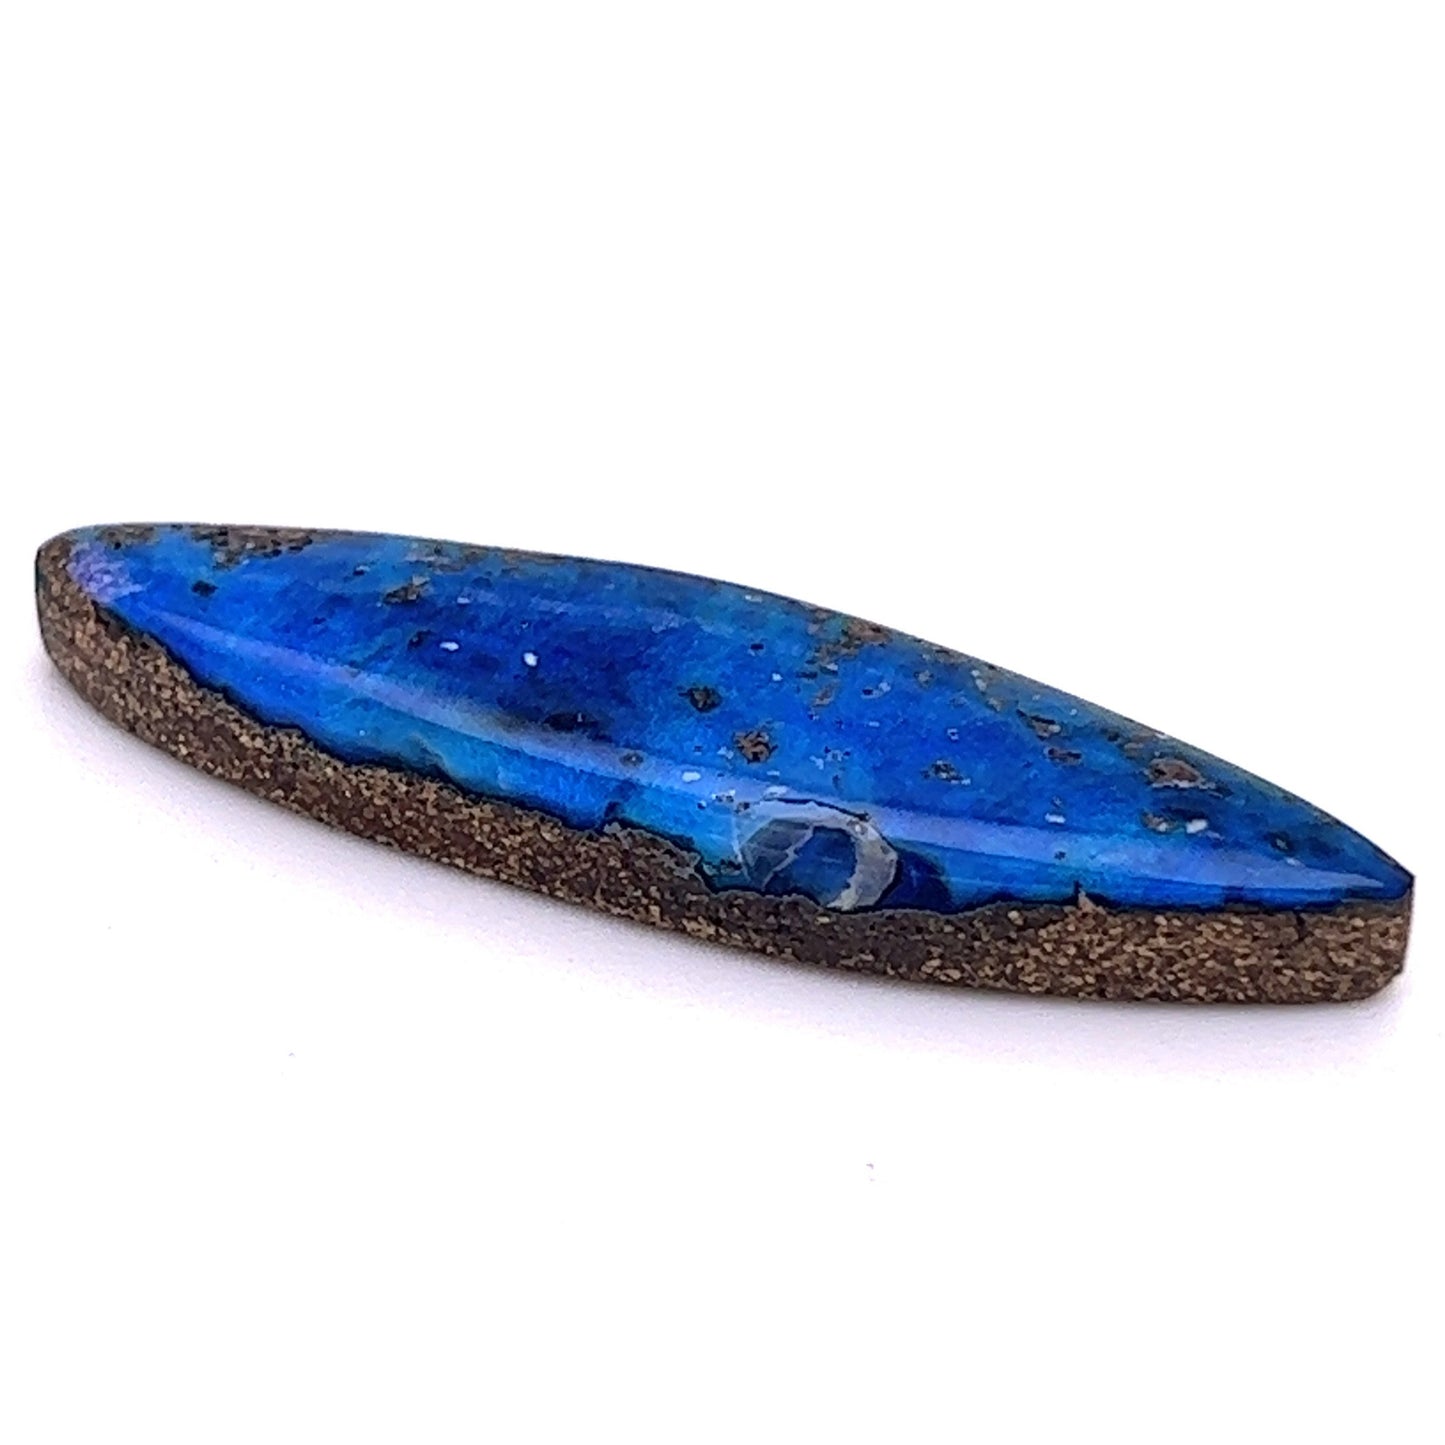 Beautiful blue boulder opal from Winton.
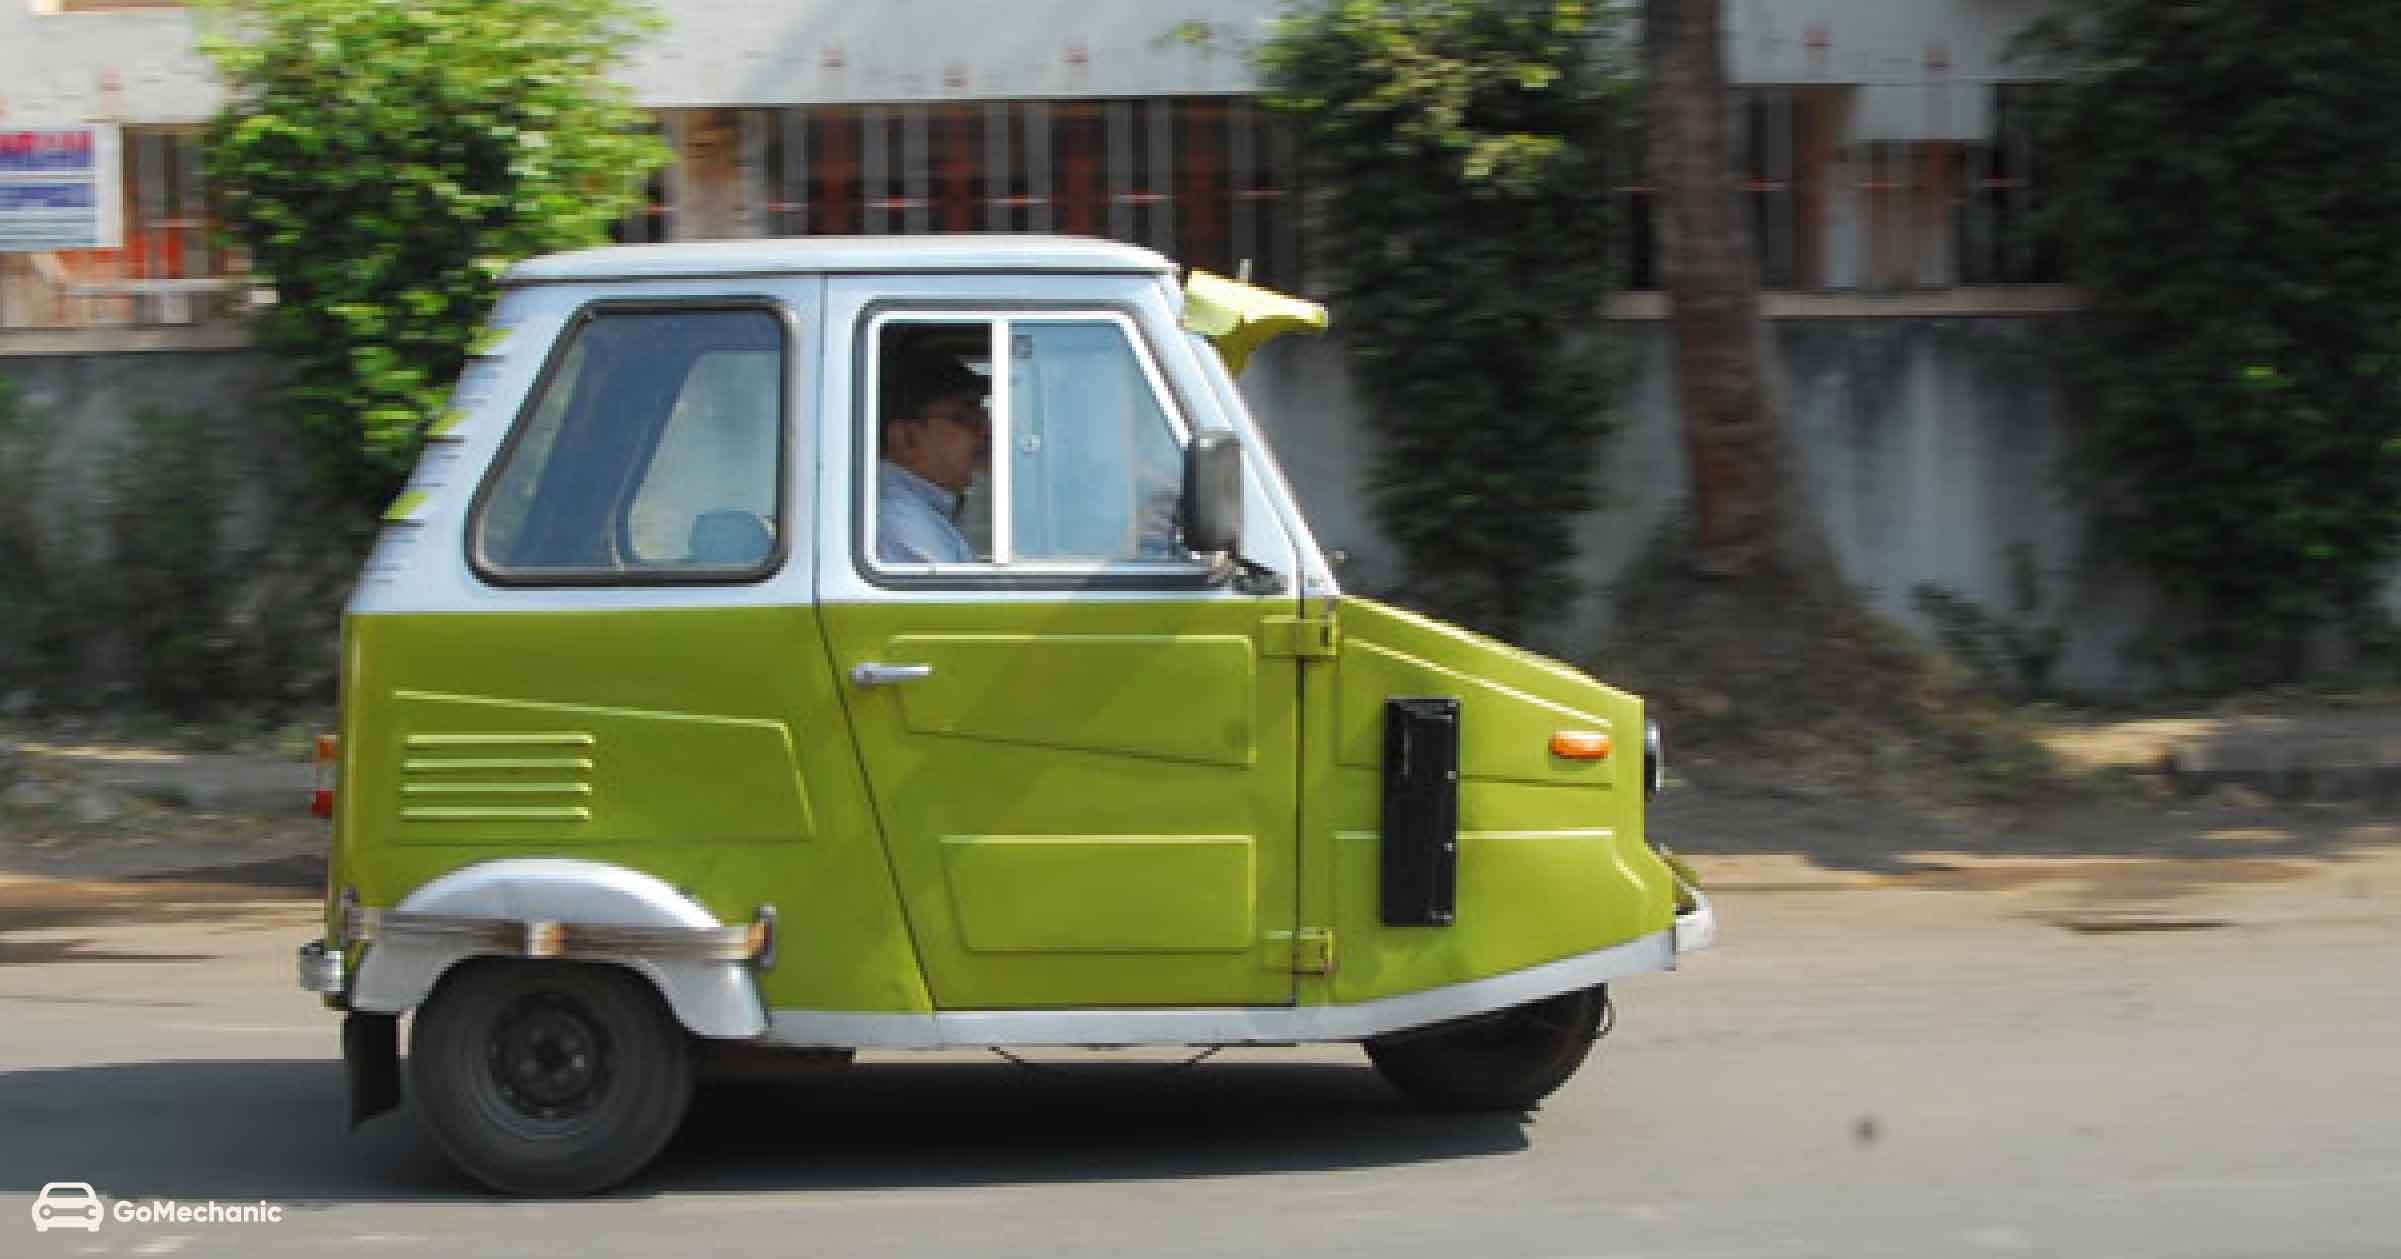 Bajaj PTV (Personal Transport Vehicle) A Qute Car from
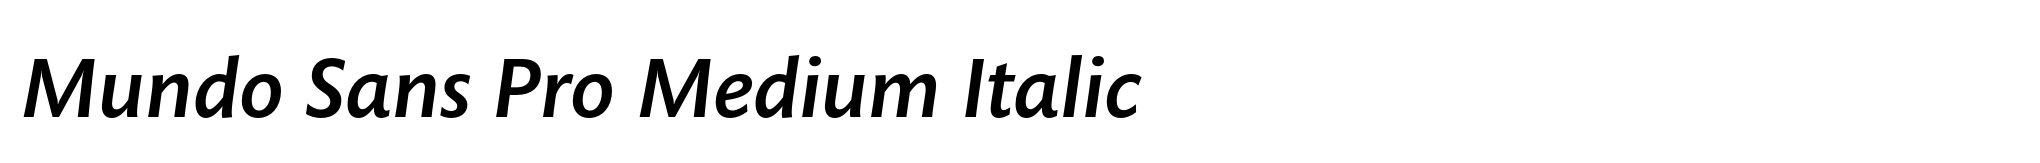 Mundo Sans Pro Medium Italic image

= = = = =

**Task objective**: Apart from the pictures, the whole listing should be reproduced exactly.

**Answer to the exercise**:
 Beautiful blue boulder opal from Winton.
 Bajaj PTV (Personal Transport Vehicle) A Qute Car from
 Mundo Sans Pro Medium Italic image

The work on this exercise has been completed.